Тревоги Бет из-за букета, присланного Стефаном Меган, вскоре рассеялись. Она решила, что это просто жест вежливости, не более. Со временем она обретала все большую уверенность в чувствах к ней Стефана. Благодаря ему Бет стала счастливее, терпимее, общительнее. Во время общих вечерних перерывов в занятиях она даже стала участвовать в веселых тусовках в коридоре общежития.

Однажды вечером в середине семестра Меган и Кэрри принялись петь свои любимые песенки из мюзиклов, начав с «Моей прекрасной леди».

— Хоть бы кто-нибудь умел играть на пианино, — сказала Меган. — Мы пошли бы в гостиную, пригласили всех желающих из нашего общежития и пели бы весь вечер!

— Я играю на фортепьяно, — спокойно заявила Бет.

— Правда? — обрадовалась Кэрри. — И ты могла бы сыграть эти песенки?

— Я могу сыграть любую мелодию на слух.

— Так идем же!

Это стало традицией. Каждый четверг в Лагунита-Холле звучало пение с десяти вечера до полуночи. Репертуар Бет был чрезвычайно обширен: мюзиклы, баллады, народные песни, старинные любовные романсы. Особенно восхищалась подругой Кэрри.

— Но ведь это нетрудно, — говорила ей Бет, немного смущенная, но очень довольная своим новым положением в Лагунита-Холле: ее полюбили за то, что она делала хорошо и с удовольствием.

— Многие этого не умеют, Бет, а ведь мы даже не знали, что ты играешь.

— Но это сущие пустяки, просто развлечение. По-настоящему я играю и очень люблю классическую музыку. Но для этого нужно ежедневно часами упражняться. У меня просто нет времени.

Требования слушателей тем временем возрастали.

— Ты знаешь «Зажги мой огонь», Бет? — спросил кто-то однажды.

Бет неуверенно повторила название и покачала головой.

— Это группа «Дорз», Бет, — пояснила Меган со значением, но, спохватившись, добавила: — Бет пока не очень разбирается в рок-музыке.

— Если бы я услышала, то могла бы подобрать, — предложила Бет.

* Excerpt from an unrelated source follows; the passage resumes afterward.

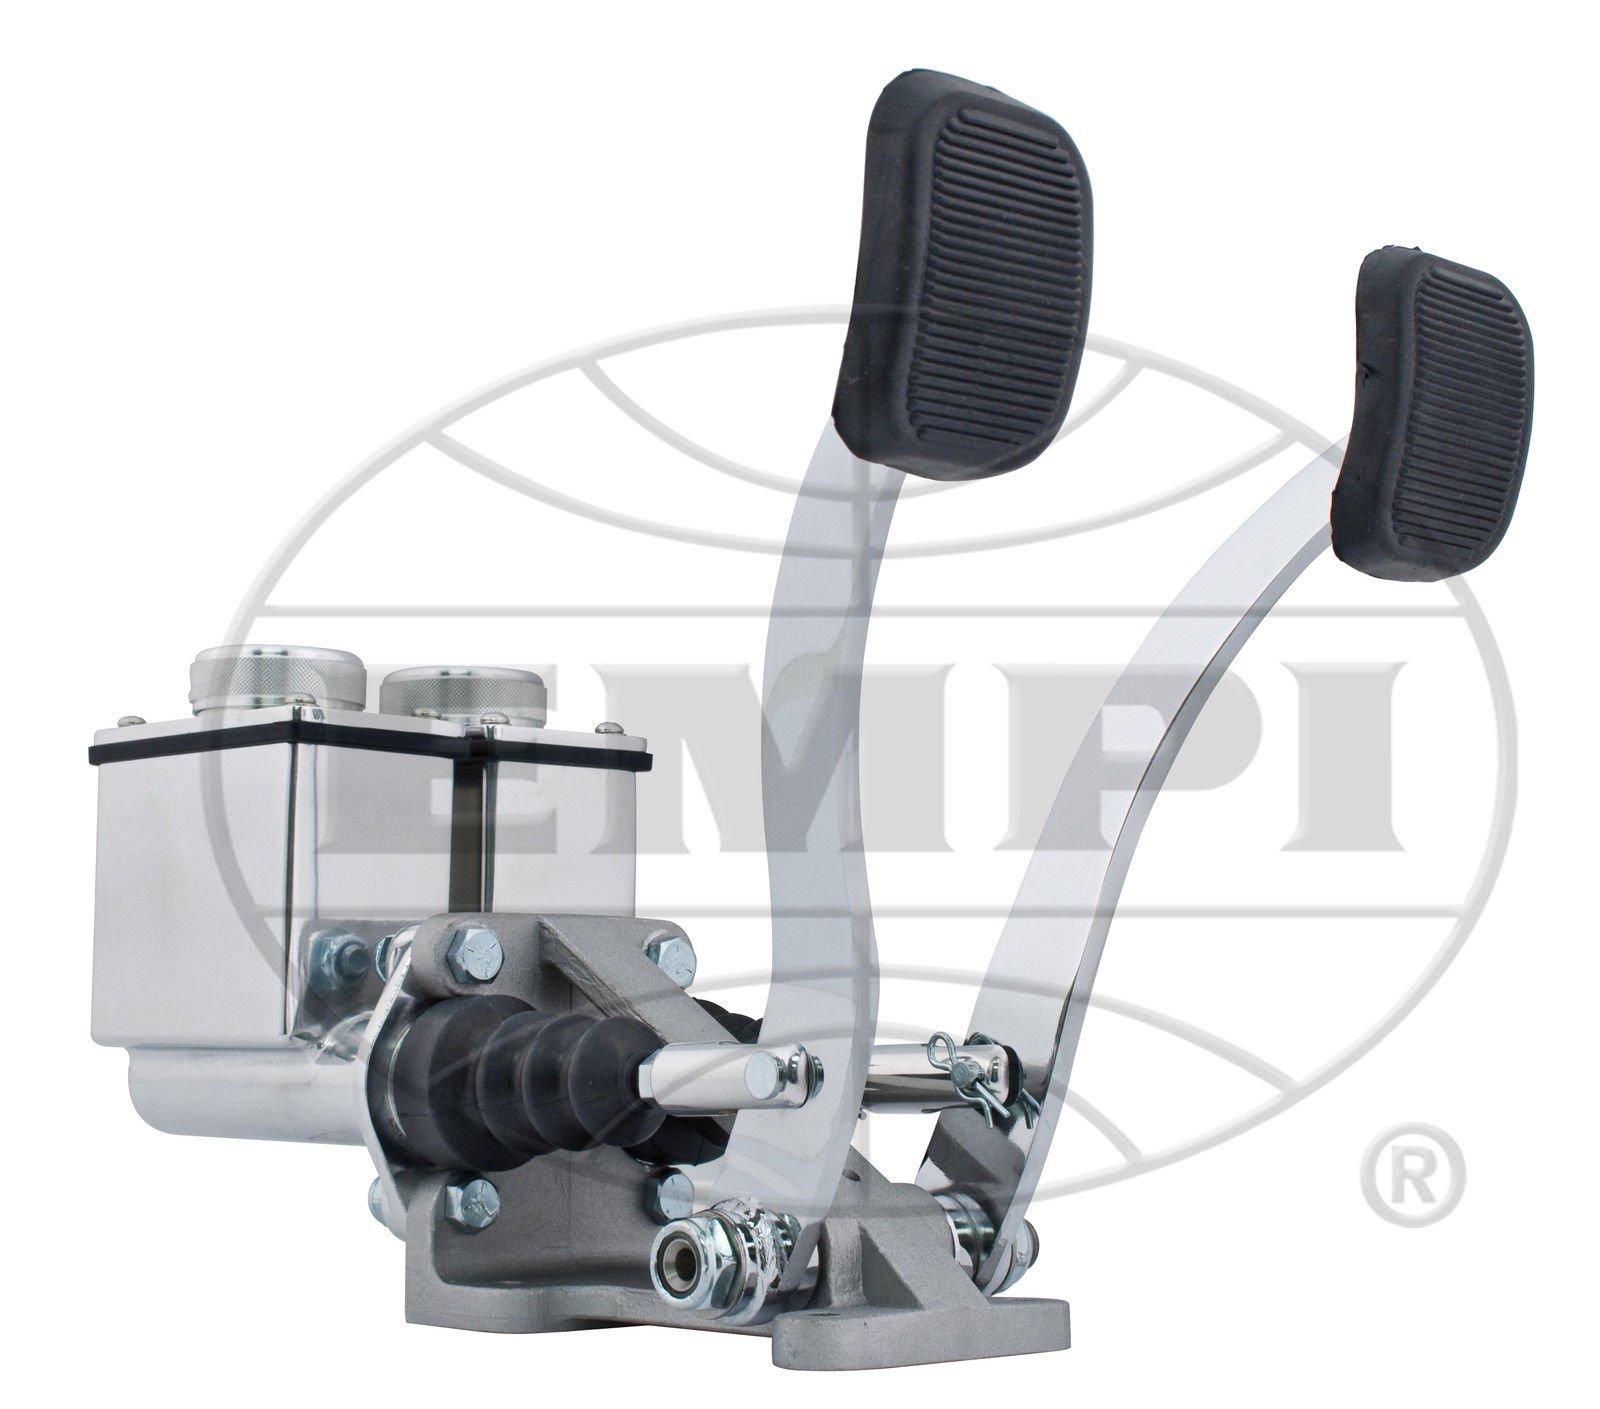 EMPI 16-2530-0 RACE TRIM Dual Pedal Assembly, 3/4'' Clutch - 7/8'' Brake, Polished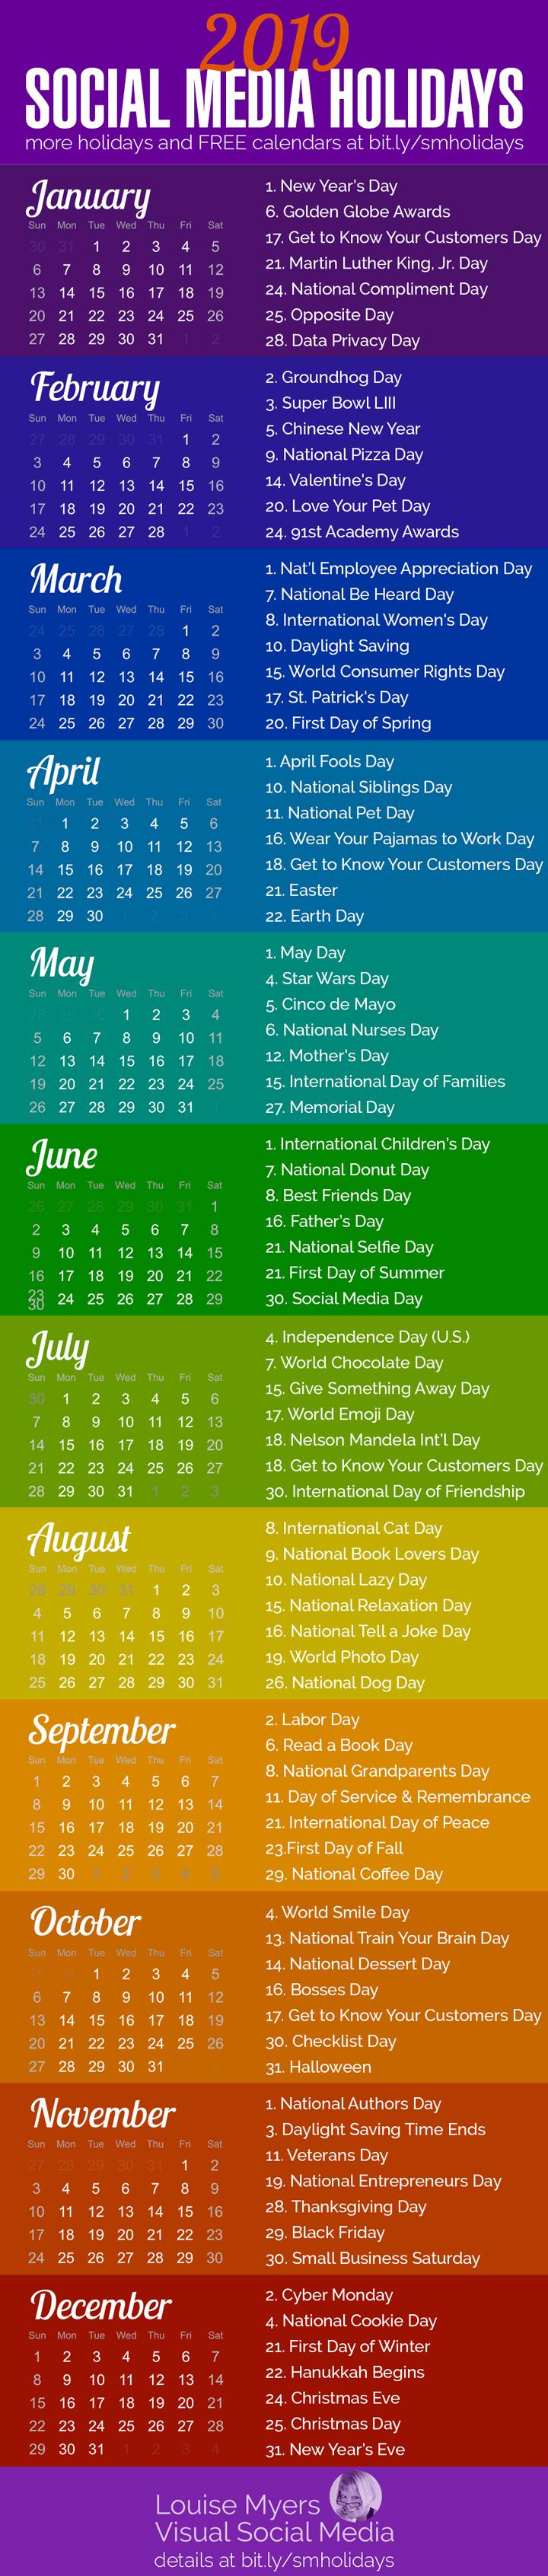 100 Social Media Holidays You Need In 2020 21 Indispensable Social Media Calendar Social Media Social Media Marketing

После этого разговора она согласилась выучивать по записям по три новые песни в неделю. Из огромного списка Меган сама отобрала наиболее популярные вещи. К концу осени Бет уже играла отдельные песни из репертуара «Битлз», «Роллинг Стоунз», «Дорз» и других групп. Это радовало всех и прежде всего саму пианистку.

Стефан все больше уважал Бет. За ее быстрый ум, за обдуманные, взвешенные суждения, за ее человеческие качества. Уважал он и ее сексуальные принципы, как бы они ни усложняли их жизнь.

Кэрри придерживалась своей «разумной» диеты и даже потеряла еще несколько фунтов. Стефан утверждал, что она слишком худа, но Бет и Меган считали, что все в полном ажуре.

Никто не замечал, что Кэрри переменилась внутренне. Это произошло в вечер премьеры. Об этой глубокой перемене знала она одна. И никому об этом не говорила. Однако Кэрри недооценила Майкла…


* * *

Майкл Дженкинс небрежно оперся о край большого дубового письменного стола и посматривал на своих студентов. Курс современного английского языка был обязателен для всех в Стэнфорде. Студенты попадались разные: талантливые энтузиасты, скучные зануды, спесивые неучи, упивавшиеся собственным многословием болтуны… Но в этом году — втором году его работы в Стэнфорде — Майклу повезло заполучить по-настоящему талантливую студентку.